Reddit is also used for research into the extreme right. For example @gaudette perform an analysis on a sample of most popular comments compared to random comments sampled from the *The_Donald* subreddit. The authors show that the top comments in the subreddit paint a strongly negative view and sometimes advocate violence towards Muslims and left-wingers as opposed to a random sample of comments from the subreddit. The authors argue that this encourages a collective identity of the subreddit that calls for violence against minorities and political opponents of right-wingers.

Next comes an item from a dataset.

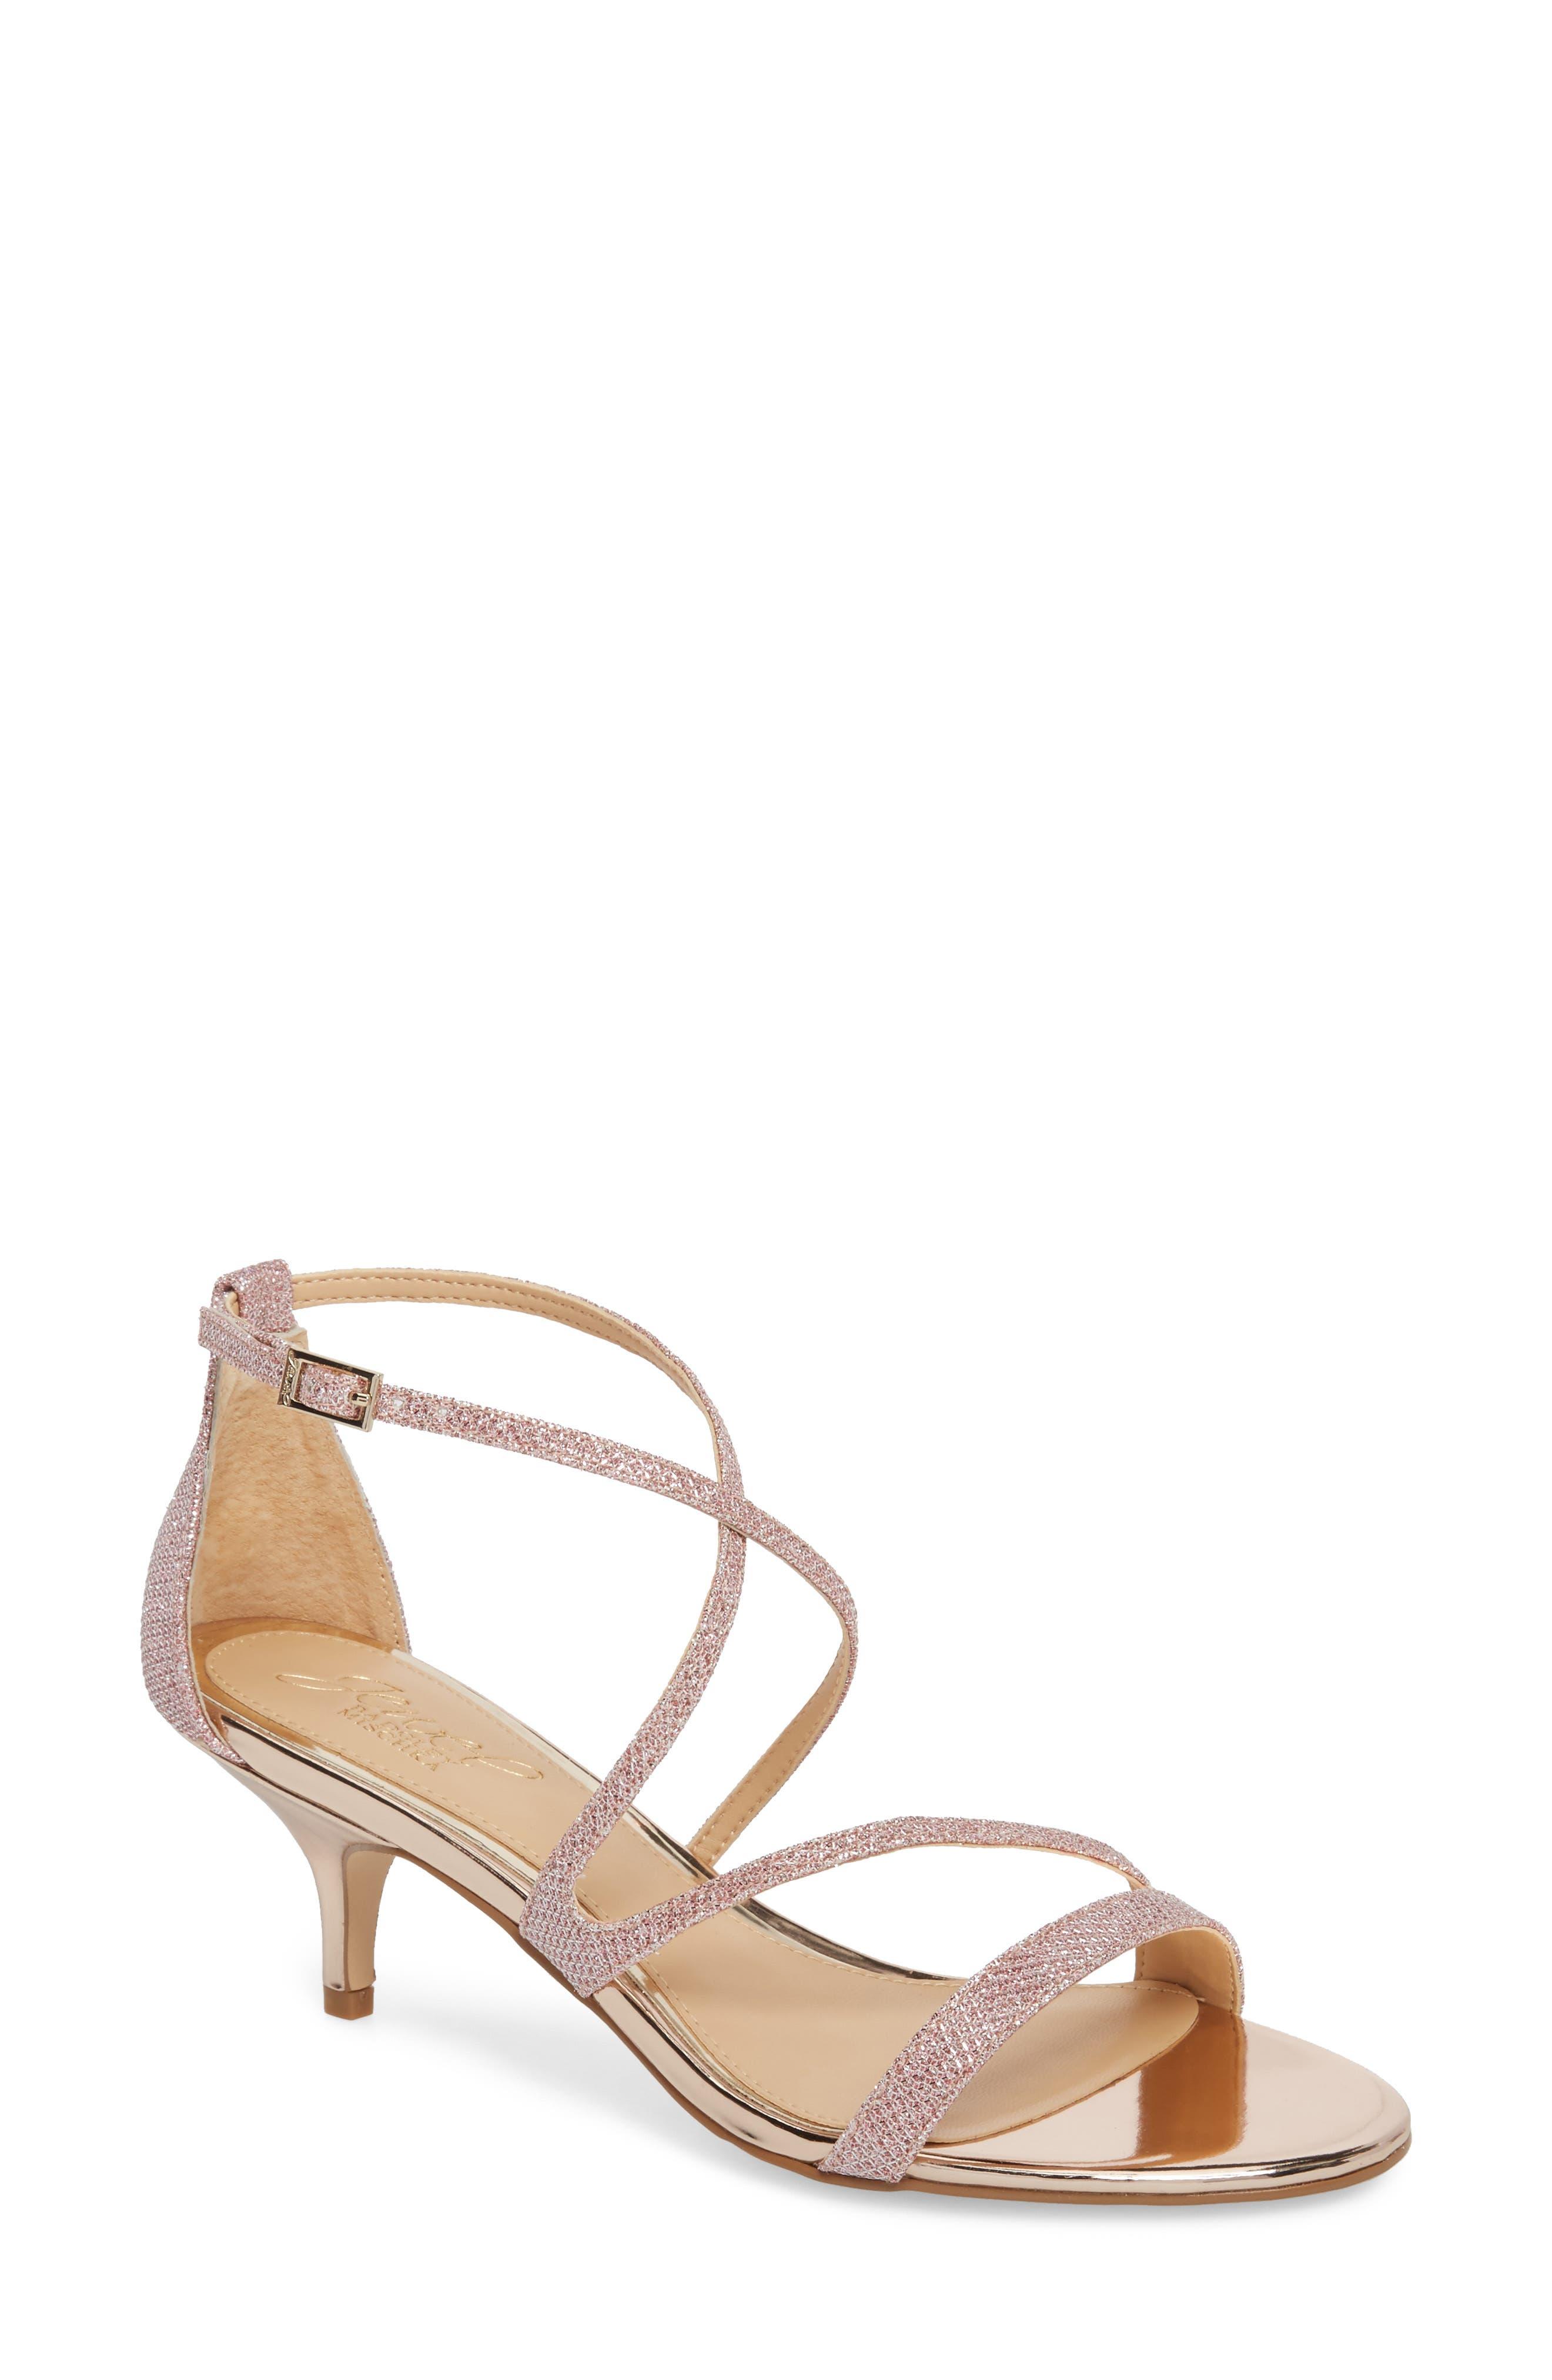 Gal Glitter Kitten Heel Sandal,                             Main thumbnail 1, color,                             Rose Gold Glitter Fabric

@chipidza discusses the reliability of news content being discussed in regards to the COVID pandemic among conservatives and liberals in the US. The authors find that liberal subreddits discuss topics related to Trump, the White House and economic relief topics. For conservatives the primary topics of discussion are China and deaths caused by COVID. Additionally, liberal subreddits contain more articles from credible news sources compared to conservative subreddits.